General characteristics
- Tons burthen: 330, or 333, or 35365⁄94 (bm)
- Length: 103 ft 2 in (31.4 m)
- Beam: 27 ft 9 in (8.5 m)
- Notes: Teak-built

= Swallow (1813 ship) =

Swallow was launched at Calcutta in 1813. She sailed to England and then traded between England and India under a license from the British East India Company (EIC) through 1824. She returned to Calcutta registry and at some point after 1824 was sold in Java.

==Career==
In 1813 the EIC had lost its monopoly on the trade between India and Britain. British ships were then free to sail to India or the Indian Ocean under a license from the EIC.

Swallow first appeared in Lloyd's Register (LR) in 1815.

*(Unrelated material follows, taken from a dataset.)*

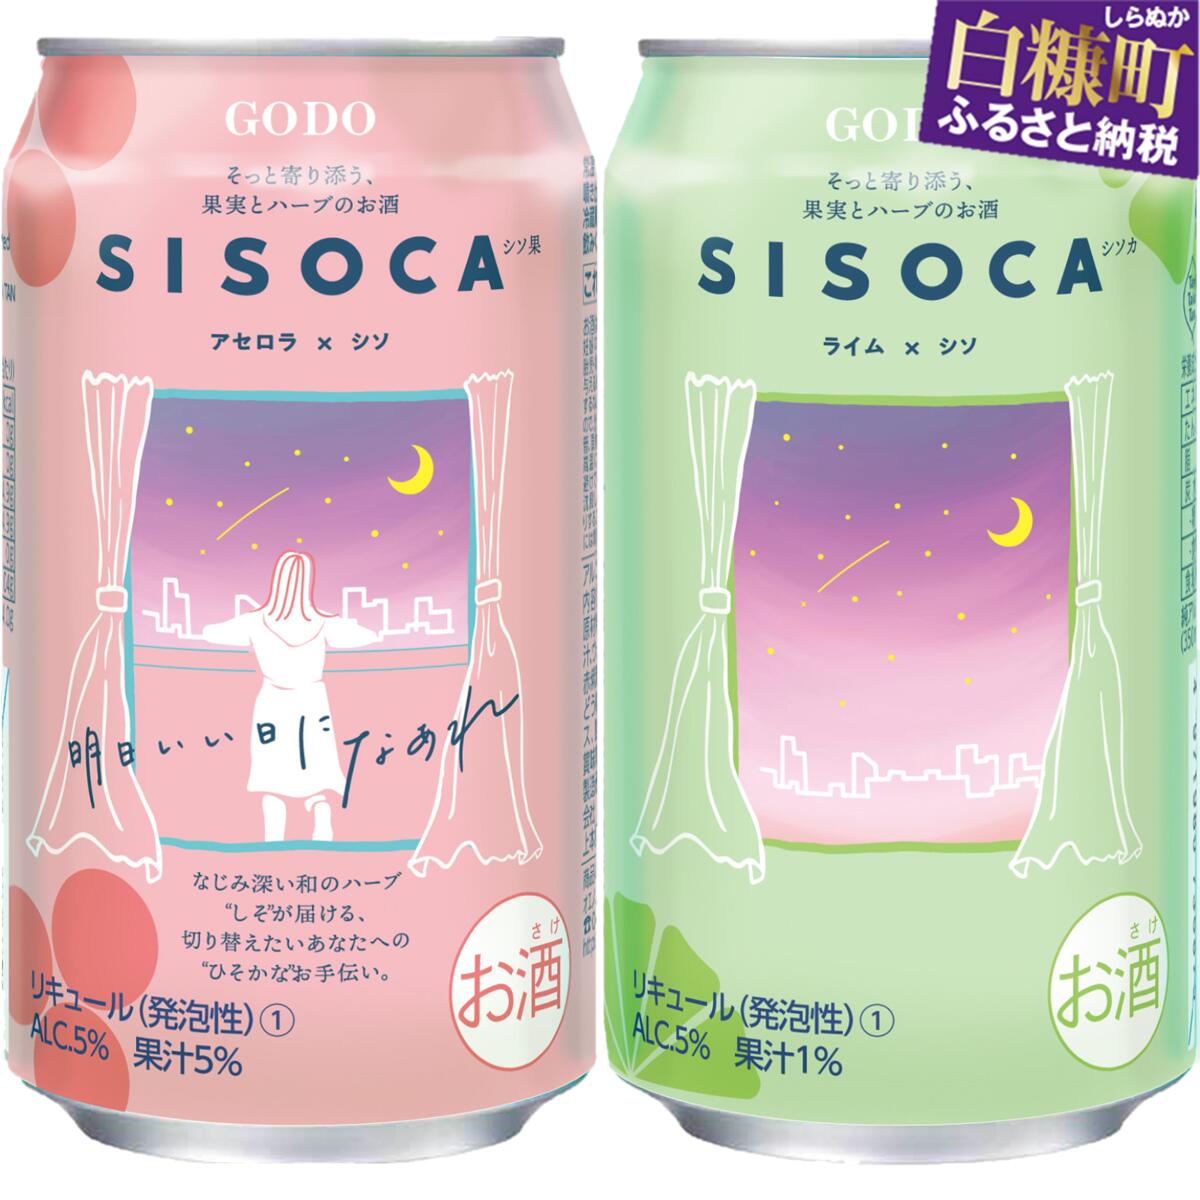 「SISOCA アセロラ×シソ」×「SISOCA ライム×シソ」【350ml×各24缶 計48缶】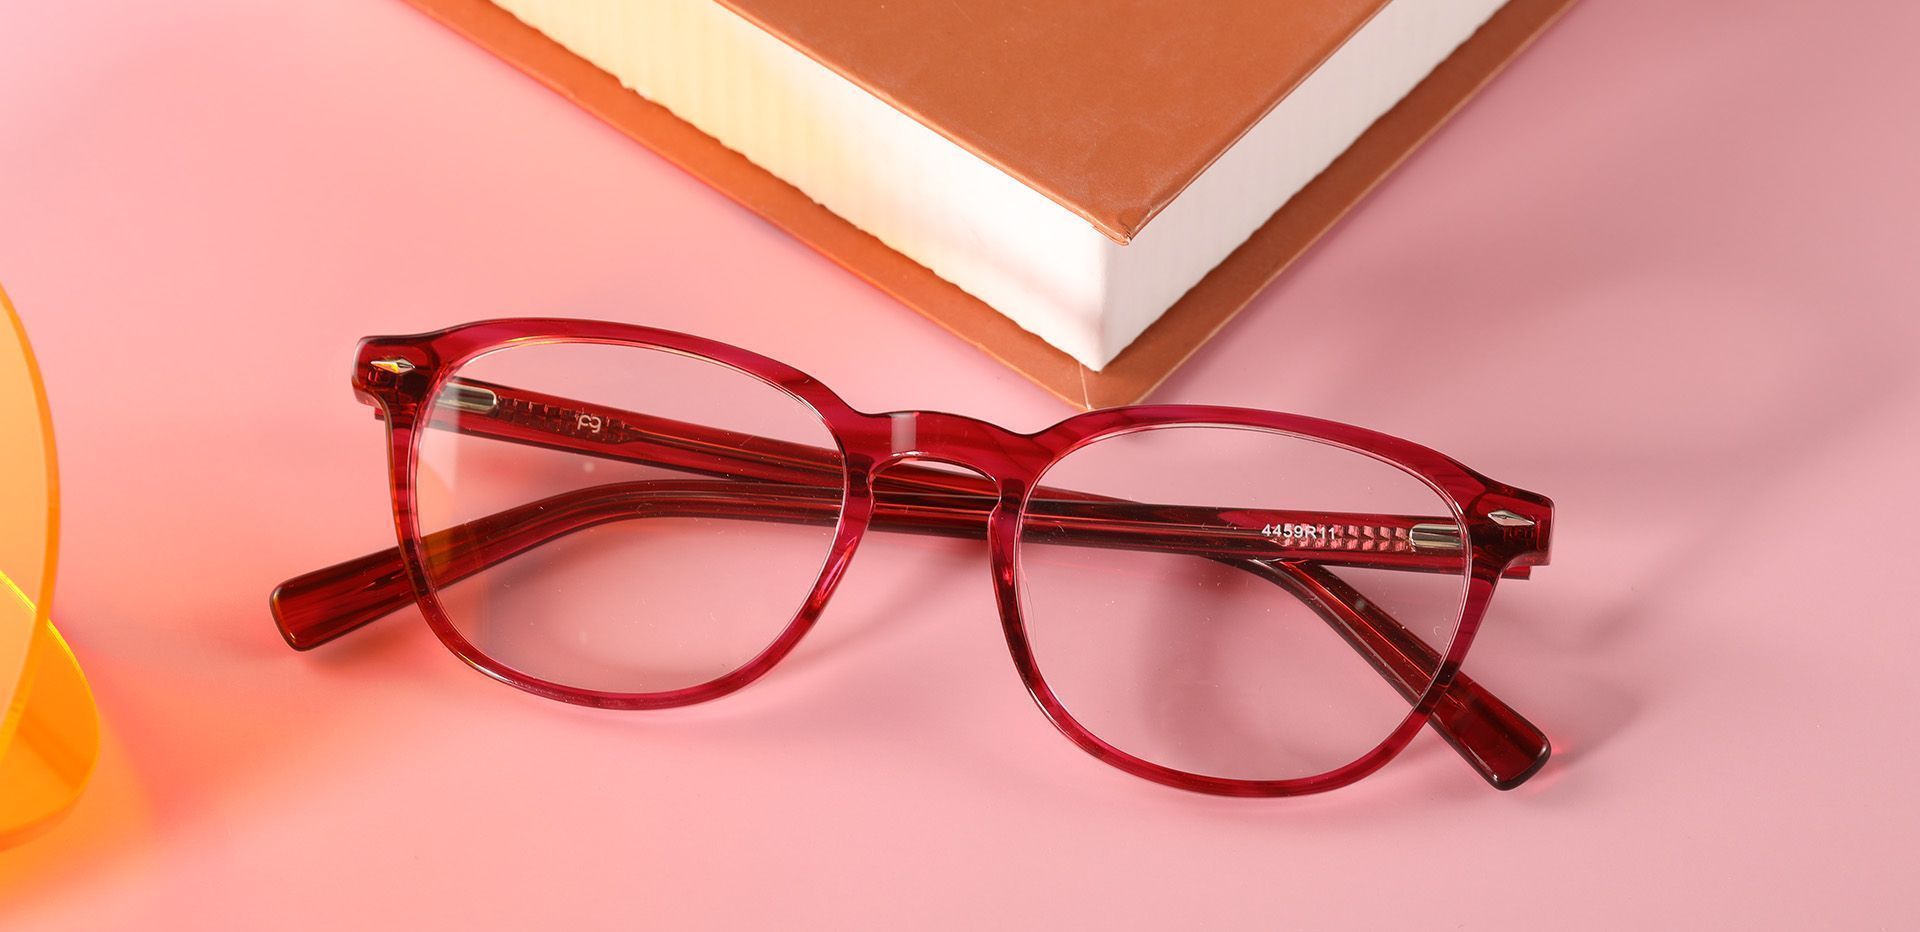 Marilla Oval Prescription Glasses - Red

| Year | Master | Owner | Trade | Source |
|---|---|---|---|---|
| 1815 | Brodie | Brodie & Co. | London-India | LR |
| 1816 | Brodie Watson | Hook & Co. | London–India | LR |
| 1820 | Watson | Hook & Co. | London–India | LR; London–Madras |
| 1824 | Watson | Hook & Co. | London–India | LR; London–Madras |

Swallow was no longer listed in LR after 1824.

==Fate==
At some point Swallow was sold to new owners in Java.